Home is where the heart is

 

February 15th, 2022

My last day in LA. My last day at home. What happens after is unclear, so better to grasp what was within reach. I just wanted to enjoy the city. I wanted to enjoy my time alone. I wanted to enjoy the inspiration that the city offers. Above anything else, I wanted to push away reality for just one last day, to immerse myself in my dreams. 

Others would probably spend their last night clubbing or getting high on the beach. I, on the other hand, spent my last hours in a peaceful quiet. I purposefully avoided any human contact. When I’m back in the Netherlands, there’ll be plenty of social pressure. There will be plenty of pressure from any direction for that matter. So, I sought out my favorite café-restaurant and positioned my laptop in the sunlight. Looking out on the Venice sign and some amateur skateboarders, I wrote for as long as the sun allowed me.

There was only one mission on my mind: Write, write, write. I needed to finish this story that has been playing in my head for ages. I've never dedicated so much thought to anything as to that story, yet I'm too embarrassed of it to share it. I need to let it go so I can focus on more important things, but I can't leave it without careful consideration. 
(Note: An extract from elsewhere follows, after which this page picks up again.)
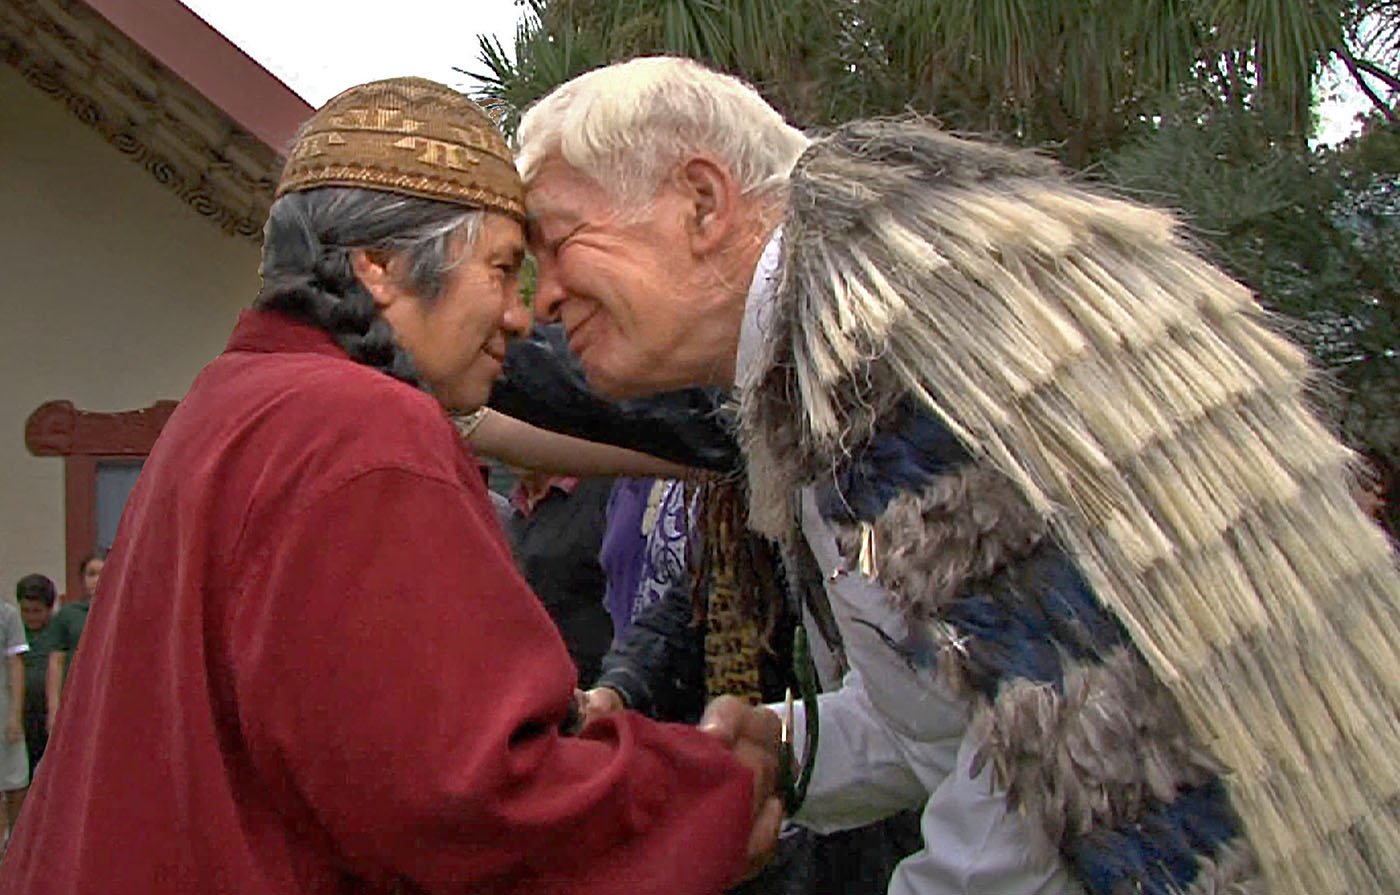  Chief Caleen Sisk at a Maori welcoming ceremony in New Zealand. 2010. Photo: Courtesy of Will Doolittle 
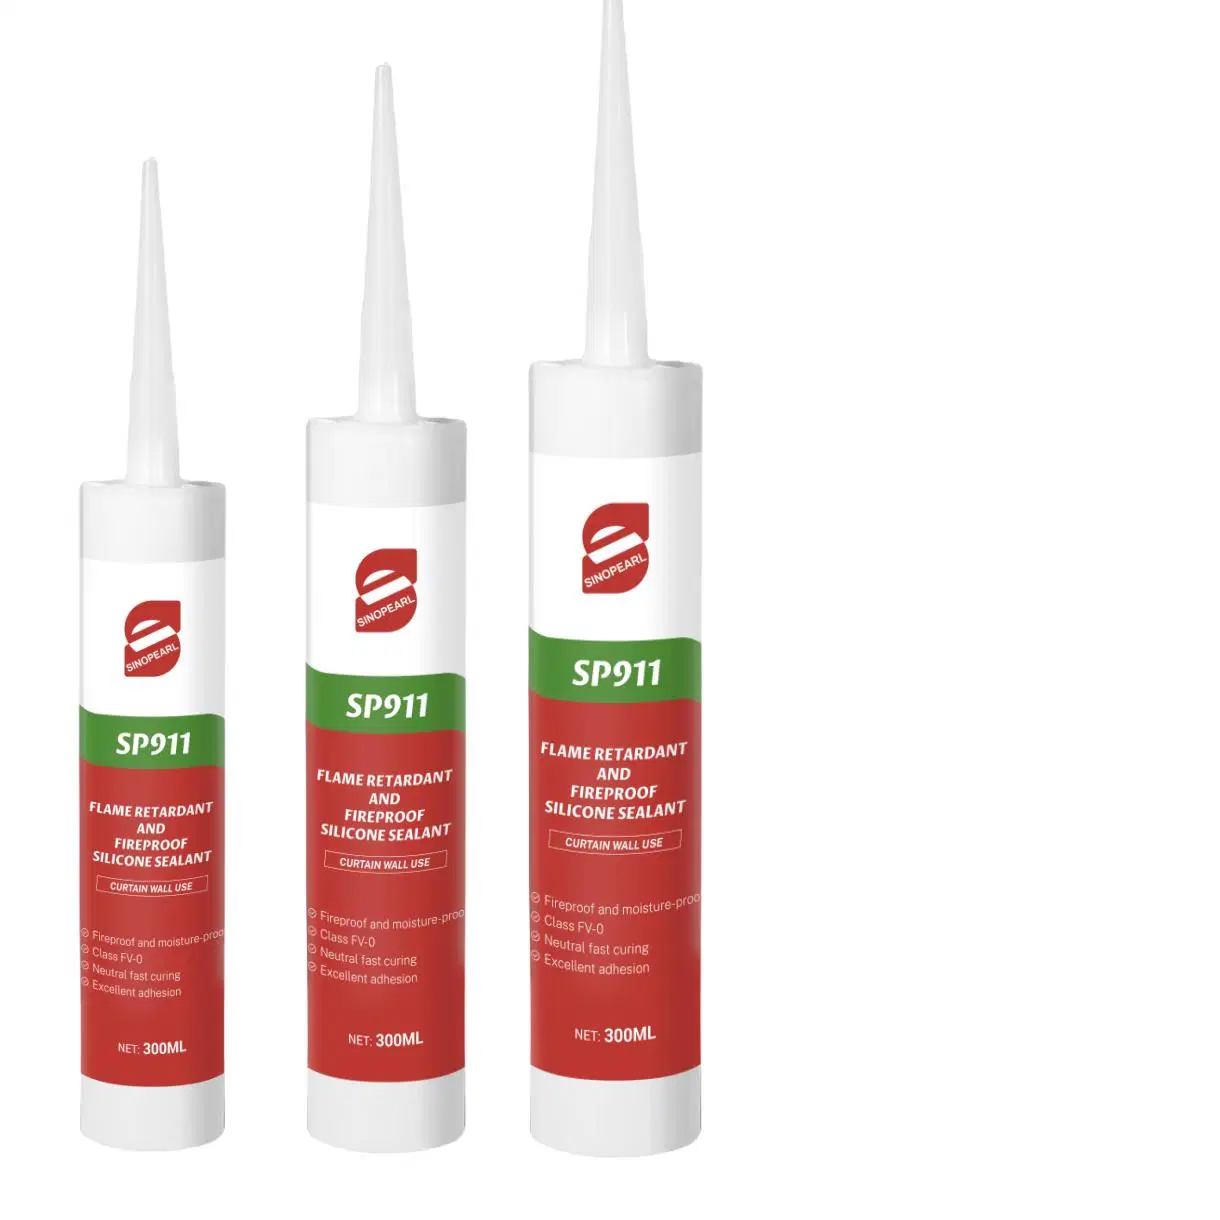 Sp911 Silicone Sealant Drying Fast and Strong Adhesive Fire Resistant Fireproof Silicone Sealant Window Glue

Back in Utrecht, the story will be buried in a pile of job applications and money stress. I’ll be worried about work, about my living situation, about being a good friend and a good family member. As long as I’m in LA, none of those things matter. There are no expectations to fulfill. There’s just me and my head in my favorite places. Here, I’m not worrying about the same old guys or the same old people that make me question my life decisions. Here, I feel fine as I am. Like I’m right where I belong, despite looking bigger and wilder than most people in the restaurant. 

There's no search, no yearning. The city fills me with perfect clarity, a sense of direction. There's no other way but forward: to finish what's been started. 

A dark overcast interrupted my final session in the sun. A storm was coming. Not ready to abandon my project, I moved to the white interior. Hail clattered against the windows, yet the view was still better than on any winter day in the Netherlands. If only my country was this beautiful in the rain, it would make my life path so much easier. 

Next to me, four men sat down to discuss a film they were producing. Their conversation was only two feet away, still I wasn't a part of it (yet). Someday in the future, I'll sit down in a conversation like that and discuss the movie rights to my book—or something in that direction. If it happens two feet away from me as I'm ordering a gin-tonic, I can be one of them as well. 

When the clouds had spilled their content and my head was empty, I moved to the beach to watch the sun go down for the last time. As much as the city may take, these sunsets always give, saving the best for last. Bright orange and pink above the sea, the sky behind me a purple fog as a reminder of what once was. There was still a faint line of sunshine separating the sky from the water when I left the beach behind me, but it was enough for now. I will see it again.